A
female
age
51-59,
anonymous
writes: I am 43 and people tell me that I am still really pretty, even beautiful, and look much younger. My problem is that I never had much confidence at all in my looks or in myself - I had an incredibly strict upbringing where 'selflessness' was ingrained into me - and I've consequently only had two major relationships - a very early marriage and then a very long term relationship - and only a couple of 'encounters' that left me feeling very down. I just do not enjoy casual relationships at all, although I don't mind flirting. Now I am looking for a new relationship I feel like I will be judged because it seems that everyone around me has had loads of relationships and no problem at all with one-night stands and so on. What gets to me is that because I'm attractive and I'm a single parent, people seem to assume that I've had loads of relationships when I was younger. Today, for example, I was chatting with a colleague who is very happily married with two young sons, but I was totally taken aback when she said that she had a bit of a reputation for being a 'slapper' when she was young - she is so well spoken and middle class that it was the last thing I expected her to say - it's not that I'm judging her at all, I don't have a problem with other people doing whatever they like, but I feel like such a prude in comparison - yet don't feel like I want to change anything - I just don't want to go and have sex with strangers and so on. I had my daughter when I was only 20 and spent my 20's and 30's very isolated and at times very frustrated that I could not do all the things that people my age were doing...I just feel that someone of my age should have loads more experience and it's making me lose what little confidence I was gaining. Is this weird?
View related questions:
confidence, flirt Reply to this Question Share |
Fancy yourself as an agony aunt? Add your answer to this question! A
female
reader, AuntyEm +, writes (22 June 2012):
We have so much pressure put upon us these days to be this and that, to achieve more, have more, do more...and it becomes suffocating.

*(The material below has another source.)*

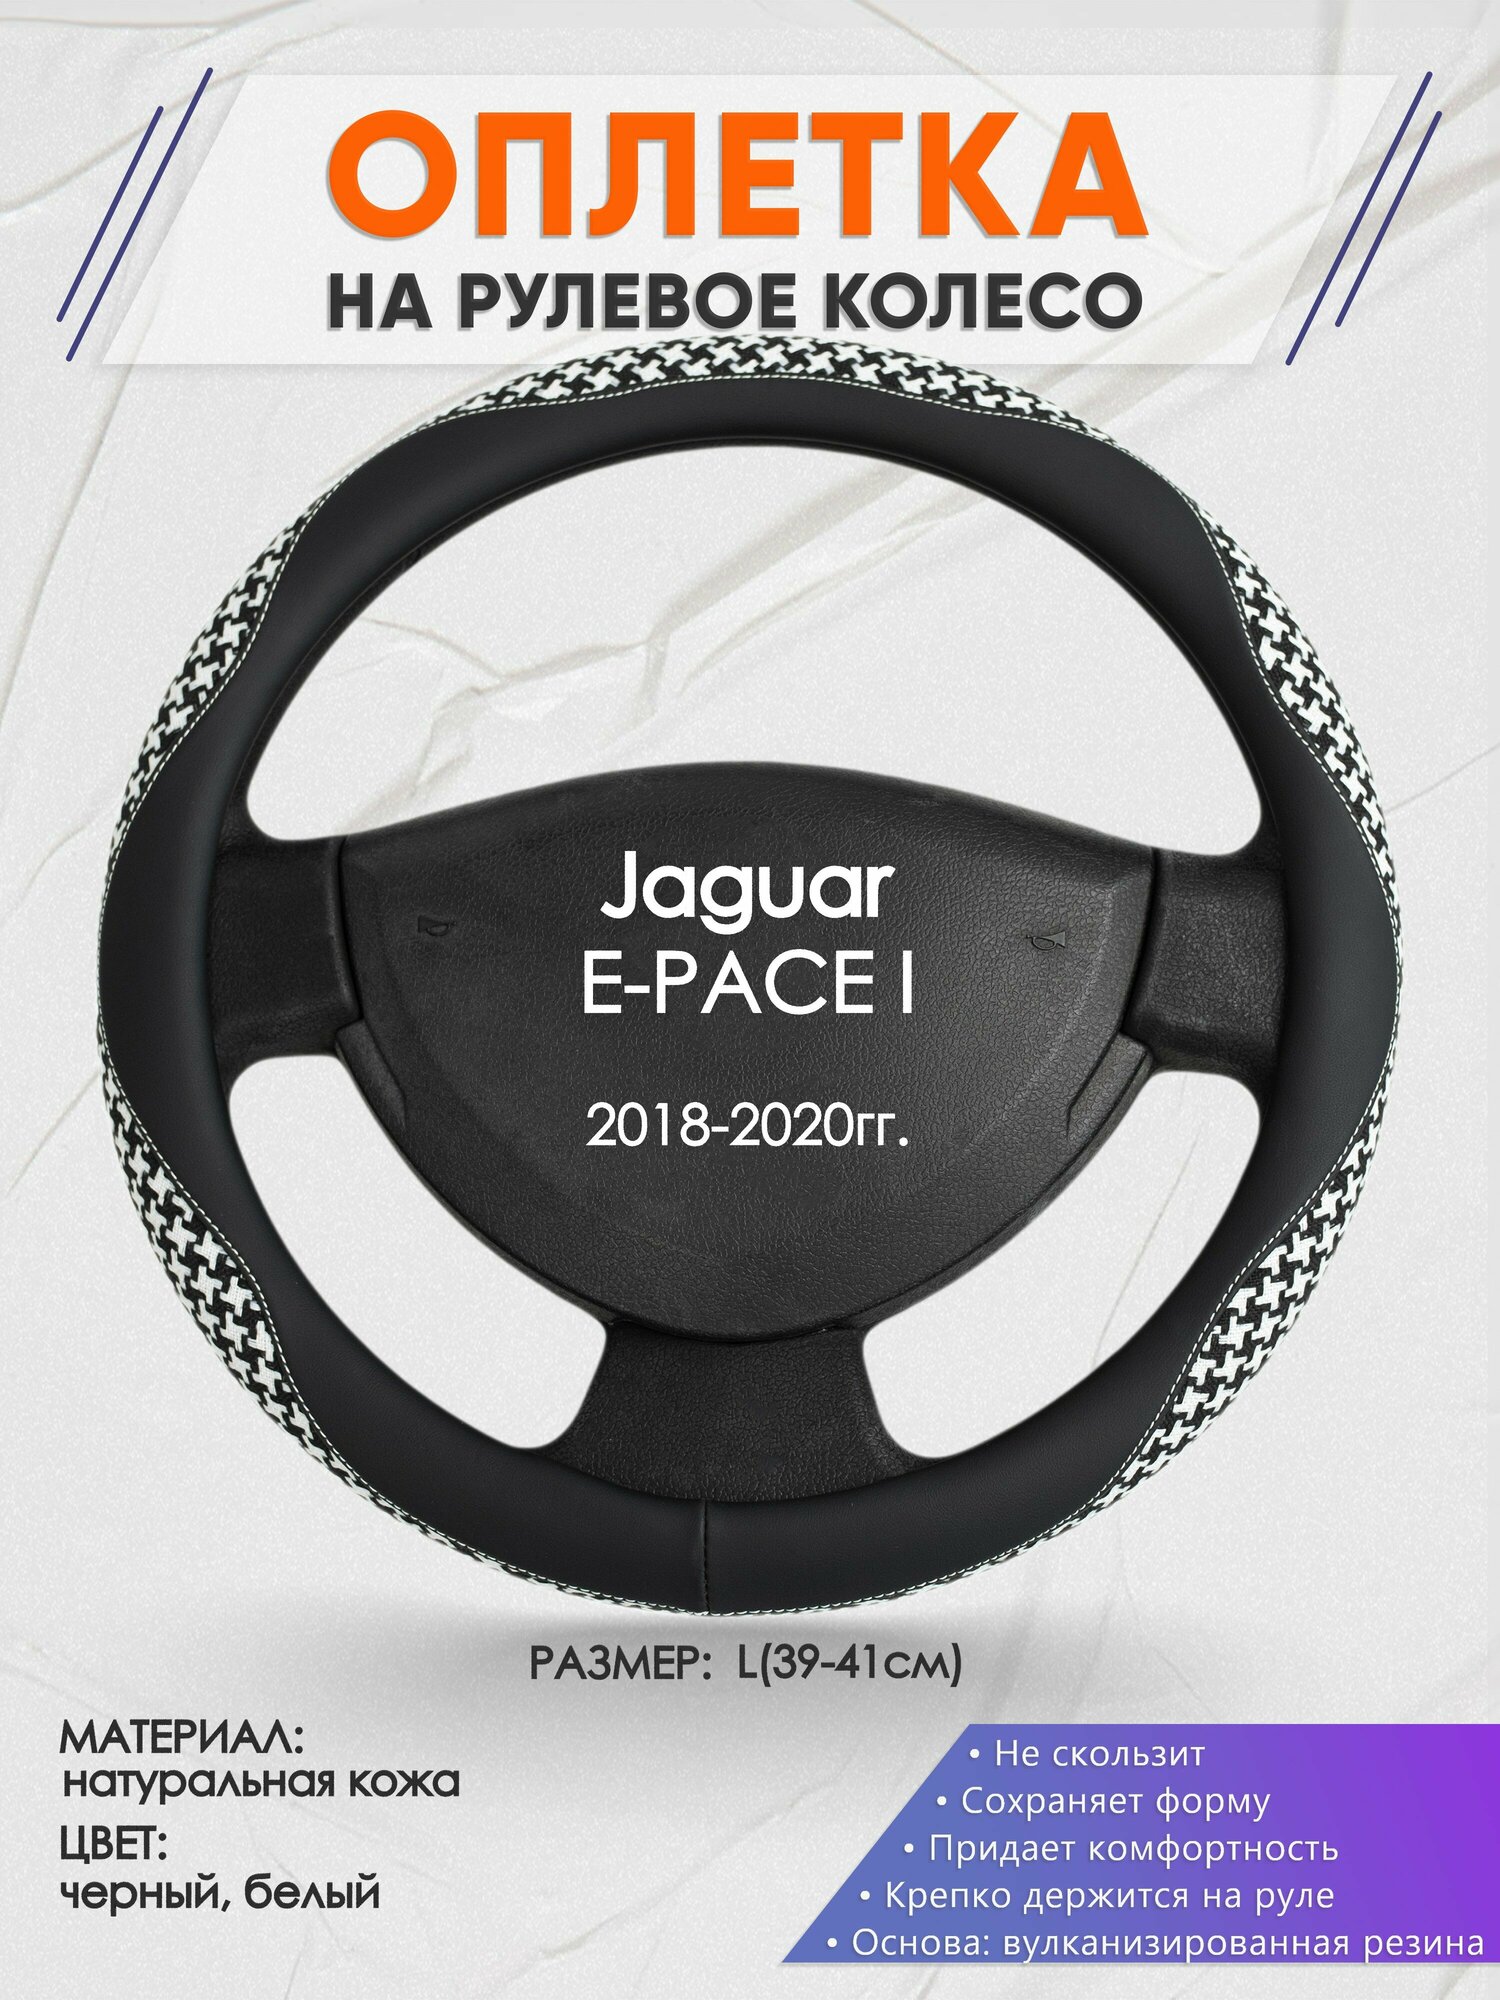 Оплетка на руль для Jaguar E-PACE I(Ягуар епасе) 2018-2020, L(39-41см), Натуральная кожа 21

You are who you are, and if you feel in your heart that you have not had enough experiences in certain areas then you are free to seek them out but at your own pace and in your own time. If you choose to not seek them out or to try but then change your mind, this is ok...nobody can tell you otherwise.
Sometimes what we want and what we wish for are two completely different things...it's not wrong or right...it just is.
None of us have the master plan to a happy life, we just do what we think is right at the time and hope that good times come.
You don't have to have sex with stangers, or do anything you don't want to do, just focus on the happy things in your life and enjoy each day as it comes.
Multiple relationships and sexual conquests are over rated, believe me, I know.
Keep your chin up and embrace the day xxxx
A
female
reader, janniepeg +, writes (22 June 2012):
There are always should bes when you don't feel assertive yourself. Your upbringing made you put others above yourself.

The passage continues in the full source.